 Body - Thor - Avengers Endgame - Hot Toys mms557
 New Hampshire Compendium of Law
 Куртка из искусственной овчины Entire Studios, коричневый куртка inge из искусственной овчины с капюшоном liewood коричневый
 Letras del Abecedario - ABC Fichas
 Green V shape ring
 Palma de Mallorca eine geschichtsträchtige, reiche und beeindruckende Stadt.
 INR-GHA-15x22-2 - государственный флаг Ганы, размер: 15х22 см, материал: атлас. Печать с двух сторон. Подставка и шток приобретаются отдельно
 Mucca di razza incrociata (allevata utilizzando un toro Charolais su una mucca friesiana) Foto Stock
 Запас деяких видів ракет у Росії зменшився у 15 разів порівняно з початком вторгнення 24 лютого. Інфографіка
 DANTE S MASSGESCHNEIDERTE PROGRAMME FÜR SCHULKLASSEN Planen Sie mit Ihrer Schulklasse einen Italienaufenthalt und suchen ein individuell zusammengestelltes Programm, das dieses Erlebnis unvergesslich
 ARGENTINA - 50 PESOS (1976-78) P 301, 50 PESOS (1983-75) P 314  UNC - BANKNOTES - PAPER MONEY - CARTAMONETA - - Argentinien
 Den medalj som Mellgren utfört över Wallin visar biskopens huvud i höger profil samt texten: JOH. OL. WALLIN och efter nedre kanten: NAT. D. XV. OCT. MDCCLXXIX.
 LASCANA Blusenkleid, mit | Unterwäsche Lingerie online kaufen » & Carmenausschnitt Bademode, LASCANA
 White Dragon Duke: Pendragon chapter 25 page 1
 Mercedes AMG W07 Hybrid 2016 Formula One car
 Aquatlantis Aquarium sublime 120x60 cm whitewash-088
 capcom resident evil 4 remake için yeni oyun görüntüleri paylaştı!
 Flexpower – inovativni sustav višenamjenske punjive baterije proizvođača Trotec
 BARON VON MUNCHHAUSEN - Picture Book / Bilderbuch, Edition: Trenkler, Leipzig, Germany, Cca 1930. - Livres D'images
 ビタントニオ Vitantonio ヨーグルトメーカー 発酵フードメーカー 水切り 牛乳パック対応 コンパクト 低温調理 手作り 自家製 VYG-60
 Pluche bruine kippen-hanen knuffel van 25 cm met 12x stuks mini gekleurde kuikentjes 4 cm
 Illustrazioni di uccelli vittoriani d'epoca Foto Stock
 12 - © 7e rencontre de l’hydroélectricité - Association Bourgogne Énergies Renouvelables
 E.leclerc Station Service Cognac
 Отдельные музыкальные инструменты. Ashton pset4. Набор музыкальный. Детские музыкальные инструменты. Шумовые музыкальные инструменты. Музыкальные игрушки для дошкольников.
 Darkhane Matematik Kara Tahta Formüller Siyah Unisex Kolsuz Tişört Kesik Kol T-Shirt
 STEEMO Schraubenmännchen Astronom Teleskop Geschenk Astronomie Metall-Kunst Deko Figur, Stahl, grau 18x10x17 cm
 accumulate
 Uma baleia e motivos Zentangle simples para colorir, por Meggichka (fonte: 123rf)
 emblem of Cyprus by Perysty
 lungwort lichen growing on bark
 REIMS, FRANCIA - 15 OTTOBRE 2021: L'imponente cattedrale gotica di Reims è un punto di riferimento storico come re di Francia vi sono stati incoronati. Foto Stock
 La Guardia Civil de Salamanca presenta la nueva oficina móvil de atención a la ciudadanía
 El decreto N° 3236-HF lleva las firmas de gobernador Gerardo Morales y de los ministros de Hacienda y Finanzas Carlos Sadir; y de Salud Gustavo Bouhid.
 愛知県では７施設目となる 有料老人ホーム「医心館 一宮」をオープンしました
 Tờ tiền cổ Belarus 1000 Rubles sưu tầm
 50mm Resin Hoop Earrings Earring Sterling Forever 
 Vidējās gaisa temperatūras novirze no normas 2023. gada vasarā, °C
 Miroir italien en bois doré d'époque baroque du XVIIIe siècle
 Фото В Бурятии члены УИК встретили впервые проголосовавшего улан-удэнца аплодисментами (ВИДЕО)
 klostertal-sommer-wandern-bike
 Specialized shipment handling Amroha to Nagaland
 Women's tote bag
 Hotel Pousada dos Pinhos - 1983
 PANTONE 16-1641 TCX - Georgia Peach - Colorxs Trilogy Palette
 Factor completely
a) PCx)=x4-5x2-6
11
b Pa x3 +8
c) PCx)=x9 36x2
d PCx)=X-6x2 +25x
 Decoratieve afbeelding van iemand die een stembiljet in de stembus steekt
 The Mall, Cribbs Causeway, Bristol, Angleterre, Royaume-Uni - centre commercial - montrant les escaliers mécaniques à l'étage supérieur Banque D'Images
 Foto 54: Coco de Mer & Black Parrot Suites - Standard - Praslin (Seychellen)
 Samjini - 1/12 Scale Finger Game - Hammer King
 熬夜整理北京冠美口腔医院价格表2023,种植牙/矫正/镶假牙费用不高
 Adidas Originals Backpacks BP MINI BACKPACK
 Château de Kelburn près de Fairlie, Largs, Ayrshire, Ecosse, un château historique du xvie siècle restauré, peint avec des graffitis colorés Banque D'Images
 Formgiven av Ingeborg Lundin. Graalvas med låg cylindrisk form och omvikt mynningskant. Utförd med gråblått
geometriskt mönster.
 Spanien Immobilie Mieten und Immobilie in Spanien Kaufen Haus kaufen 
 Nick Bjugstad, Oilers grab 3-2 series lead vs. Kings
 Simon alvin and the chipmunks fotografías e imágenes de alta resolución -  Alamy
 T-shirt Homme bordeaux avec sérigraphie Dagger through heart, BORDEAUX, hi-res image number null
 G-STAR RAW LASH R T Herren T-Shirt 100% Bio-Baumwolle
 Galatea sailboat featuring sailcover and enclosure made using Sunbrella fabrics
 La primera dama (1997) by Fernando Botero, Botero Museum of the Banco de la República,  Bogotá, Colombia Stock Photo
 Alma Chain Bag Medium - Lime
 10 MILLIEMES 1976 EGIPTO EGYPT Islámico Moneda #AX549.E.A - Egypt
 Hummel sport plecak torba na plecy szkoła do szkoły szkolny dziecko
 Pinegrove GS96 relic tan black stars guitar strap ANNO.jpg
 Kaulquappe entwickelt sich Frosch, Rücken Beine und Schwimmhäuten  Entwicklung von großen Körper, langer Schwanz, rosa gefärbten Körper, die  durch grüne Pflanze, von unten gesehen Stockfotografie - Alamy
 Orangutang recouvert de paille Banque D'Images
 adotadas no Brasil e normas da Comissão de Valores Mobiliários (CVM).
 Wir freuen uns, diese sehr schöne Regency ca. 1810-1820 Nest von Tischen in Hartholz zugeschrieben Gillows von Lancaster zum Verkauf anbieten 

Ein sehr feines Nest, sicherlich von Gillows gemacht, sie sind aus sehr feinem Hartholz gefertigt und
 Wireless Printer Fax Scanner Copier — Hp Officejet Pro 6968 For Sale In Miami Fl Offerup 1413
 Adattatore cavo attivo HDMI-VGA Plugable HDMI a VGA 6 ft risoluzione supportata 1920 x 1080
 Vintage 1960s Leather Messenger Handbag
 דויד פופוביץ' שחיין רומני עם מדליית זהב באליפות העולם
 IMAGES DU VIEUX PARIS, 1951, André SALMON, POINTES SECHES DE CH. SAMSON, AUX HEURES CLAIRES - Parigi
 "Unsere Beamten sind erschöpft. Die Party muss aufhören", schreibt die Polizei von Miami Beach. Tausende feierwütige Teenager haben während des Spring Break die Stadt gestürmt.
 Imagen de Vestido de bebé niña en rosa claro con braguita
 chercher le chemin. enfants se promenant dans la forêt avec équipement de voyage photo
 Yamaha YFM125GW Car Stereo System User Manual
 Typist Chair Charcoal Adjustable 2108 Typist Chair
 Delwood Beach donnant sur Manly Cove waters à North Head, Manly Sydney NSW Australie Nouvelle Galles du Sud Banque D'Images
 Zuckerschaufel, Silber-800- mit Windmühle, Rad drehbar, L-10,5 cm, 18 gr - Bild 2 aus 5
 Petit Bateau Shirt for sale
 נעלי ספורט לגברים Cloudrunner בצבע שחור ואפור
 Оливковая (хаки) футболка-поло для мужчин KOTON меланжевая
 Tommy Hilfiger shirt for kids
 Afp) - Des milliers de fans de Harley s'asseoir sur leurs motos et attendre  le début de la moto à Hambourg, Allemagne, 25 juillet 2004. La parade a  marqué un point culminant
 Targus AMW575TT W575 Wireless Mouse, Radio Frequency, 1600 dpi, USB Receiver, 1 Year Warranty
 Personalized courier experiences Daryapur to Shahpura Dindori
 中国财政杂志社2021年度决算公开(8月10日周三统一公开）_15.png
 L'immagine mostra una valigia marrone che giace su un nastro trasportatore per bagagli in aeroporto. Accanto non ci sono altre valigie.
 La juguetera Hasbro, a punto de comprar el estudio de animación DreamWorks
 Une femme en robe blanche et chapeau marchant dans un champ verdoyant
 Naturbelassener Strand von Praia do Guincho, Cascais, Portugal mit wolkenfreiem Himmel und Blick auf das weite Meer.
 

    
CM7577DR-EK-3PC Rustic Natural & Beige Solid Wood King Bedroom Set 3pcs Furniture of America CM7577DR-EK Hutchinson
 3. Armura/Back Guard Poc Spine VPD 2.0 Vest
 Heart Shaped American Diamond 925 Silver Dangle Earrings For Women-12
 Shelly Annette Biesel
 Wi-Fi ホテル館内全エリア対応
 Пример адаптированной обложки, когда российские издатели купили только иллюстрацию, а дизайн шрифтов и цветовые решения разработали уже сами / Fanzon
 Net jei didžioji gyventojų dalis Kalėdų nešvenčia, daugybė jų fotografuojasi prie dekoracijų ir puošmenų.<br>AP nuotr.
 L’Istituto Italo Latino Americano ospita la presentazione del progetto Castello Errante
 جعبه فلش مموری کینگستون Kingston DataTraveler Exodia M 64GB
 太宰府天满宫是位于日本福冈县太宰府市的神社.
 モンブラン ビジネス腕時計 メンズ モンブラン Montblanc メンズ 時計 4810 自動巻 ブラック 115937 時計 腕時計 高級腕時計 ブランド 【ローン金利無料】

┄┄┄┄┄┄┄┄┄┄┄┄┄┄┄┄┄┄┄┄

#### Task description
All lines in the listing above from the line containing "BARON VON MUNCHHAUSEN" to the line containing "Отдельные музыкальные инструменты.", inclusive, should be retyped exactly; no other lines should appear.

#### Output below
 BARON VON MUNCHHAUSEN - Picture Book / Bilderbuch, Edition: Trenkler, Leipzig, Germany, Cca 1930. - Livres D'images
 ビタントニオ Vitantonio ヨーグルトメーカー 発酵フードメーカー 水切り 牛乳パック対応 コンパクト 低温調理 手作り 自家製 VYG-60
 Pluche bruine kippen-hanen knuffel van 25 cm met 12x stuks mini gekleurde kuikentjes 4 cm
 Illustrazioni di uccelli vittoriani d'epoca Foto Stock
 12 - © 7e rencontre de l’hydroélectricité - Association Bourgogne Énergies Renouvelables
 E.leclerc Station Service Cognac
 Отдельные музыкальные инструменты. Ashton pset4. Набор музыкальный. Детские музыкальные инструменты. Шумовые музыкальные инструменты. Музыкальные игрушки для дошкольников.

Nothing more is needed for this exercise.